Zinc surged above $3,000 a metric ton amid persistent global deficits, and aluminum climbed as China reined in illegal capacity, adding fresh impetus to the rally even as some investors expressed concerns.
Zinc jumped as much as 2.6 percent to $3,037 a ton on the London Metal Exchange, the highest level since 2007, and traded at $3,029 at 1:20 p.m. in London. Aluminum gained as much as 1.3 percent to $2,075.50 a ton, the highest since November 2014, while nickel, copper and lead all traded higher.
An index of base metals rallied to a two-year high last week amid better-than-expected demand in China and a weakening dollar. The Chinese government is stepping up moves to shut illegal aluminum and steel plants this year, both to cut excess capacity and help to protect the environment.
Efforts to promote economic growth in China ahead of a leadership reshuffle scheduled for later this year are also boosting metals usage in manufacturing and industrial sectors, according to Bernard Dahdah, a metals analyst at Natixis SA in London.
“Earlier this year, a lot of the rally was supply related, but recently we’ve seen demand starting to support as well,” Dahdah said by phone.
Synchronised global economic expansion, evident for the first time since the financial crisis, tends to boost demand for basic commodities. This is particularly evident in the industrial resources sector because it went through such a painful rationalization where expansion plans were cancelled, administrative staff fired and expenditures cut to the bone. That has resulted in an industry less inclined to increase supply in response to high prices.
Zinc had been forming a first step above a seven-year base but is now breaking out to new recovery highs. Provided the breakout is sustained recovery potential can be given the benefit of the doubt.
Copper remains the sector leader and completed a seven-month first step above its Type-2 bottom in July.
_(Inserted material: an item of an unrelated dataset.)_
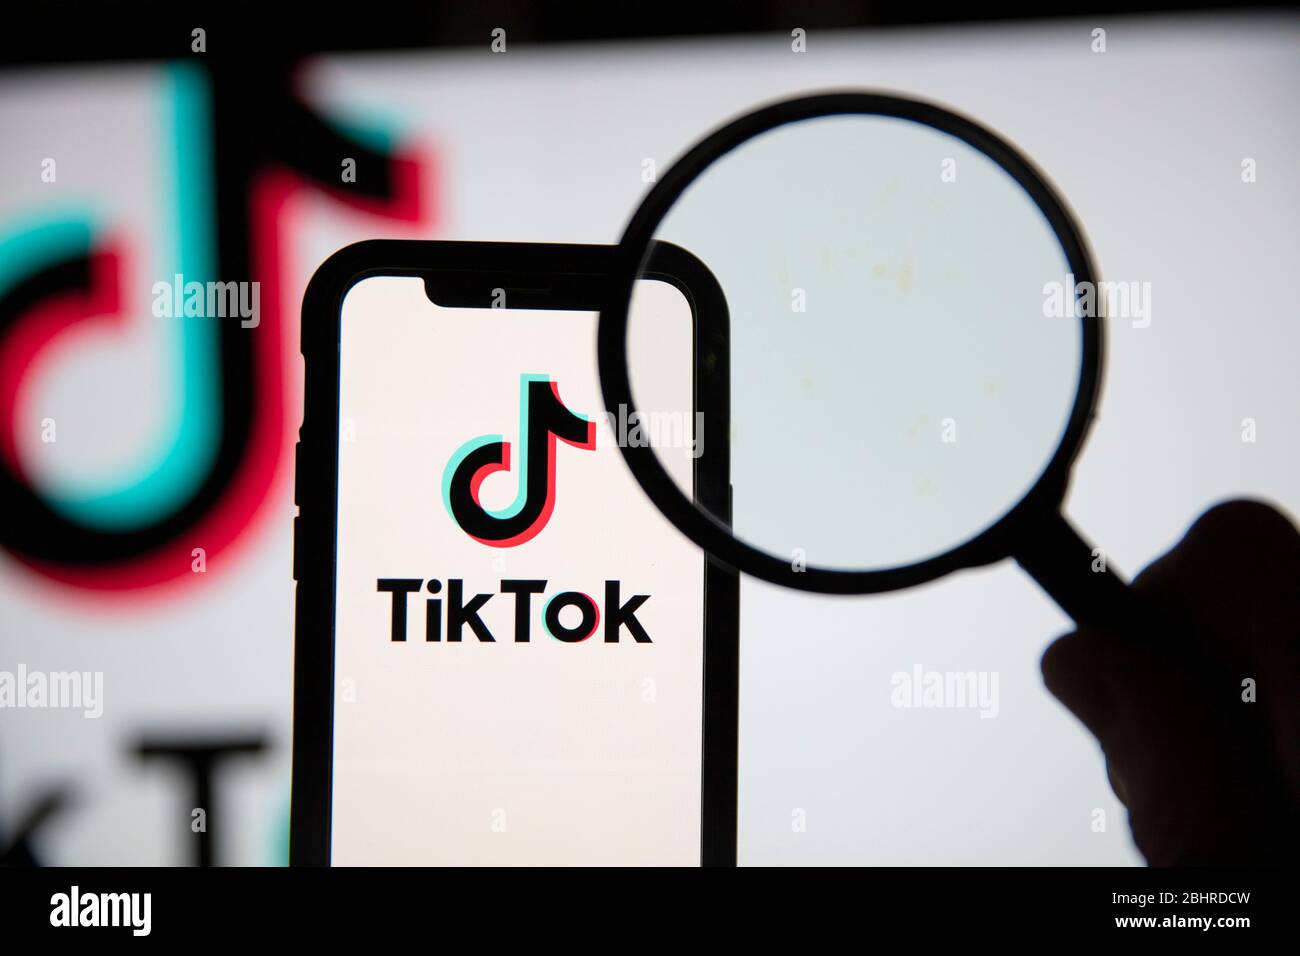 LONDRA, Regno Unito - Aprile 27 2020: Icona dell'app di social media Tik Tok al microscopio Foto Stock

A sustained move below $2.75 would be required to question medium-term recovery potential.
Antofagasta has been among the best performing shares in the FTSE-350 Mining Index this year; offering a high beta play on copper.
Vedanta on the other hand has been among the worst performers but is currently firming from the region of the trend mean and a sustained move below it would be required to question recovery potential.